Commencé en juin 2001, le procès Butare est le plus vieux de ceux qui sont en cours au TPIR. Il bat également le record s’agissant du nombre des accusés. C’est le cinquième d’entre eux, l’ancien maire de Ngoma, Joseph Kanyabashi, qui présente sa défense.

Poursuivi pour génocide et crimes contre l’humanité, Kanyabashi, plaide non coupable. Les témoins à décharge le présentent comme un maire soucieux de la sécurité de ses gouvernés mais impuissant face à des assaillants surarmés et décidés à en finir avec la population tutsie de la commune.

Kanyabashi est défendu par les avocats canadiens Michel Marchand et Simone Santerre.

Les coaccusés de Kanyabashi sont l’ex-ministre de la famille et de la promotion féminine Pauline Nyiramasuhuko, l’unique femme détenue par le TPIR, Arsène Shalom Ntahobali, le fils de la ministre, présumé chef milicien, les anciens préfets Sylvain Nsabimana et Alphonse Nteziryayo et l’ex-maire de Muganza, Elie Ndayambaje. Seul ce dernier n’a pas encore cité des témoins pour sa défense.

Dans le procès Gouvernement II en cours depuis novembre 2003, c’est le quatrième accusé qui présente sa défense. Les défendeurs étaient tous membres du gouvernement intérimaire en place pendant le génocide de 1994.

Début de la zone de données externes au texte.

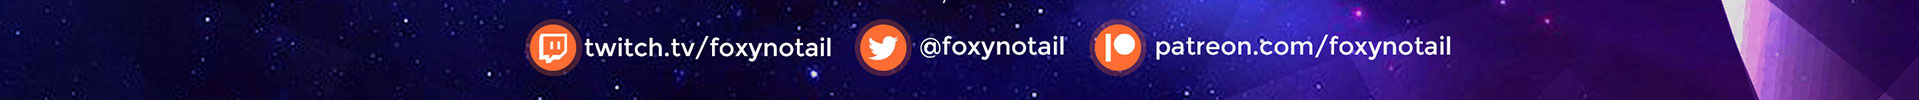 foxynotail header image

Ancien ministre de la fonction publique, Prosper Mugiraneza cite des témoins à décharge depuis mi-février. A la suspension, il en était à 24. Mugiraneza entend notamment démontrer que le seul fait d’appartenir au gouvernement intérimaire n’est pas un crime.

Mugiraneza est jugé avec l’ancien ministre de la santé, Casimir Bizimungu, celui du commerce, Justin Mugenzi et celui des affaires étrangères, Jérôme Bicamumpaka.

Dans les procès collectifs, le procureur tente de prouver que les accusés ont participé à une entreprise criminelle commune. La défense plaide que cette thèse est fausse.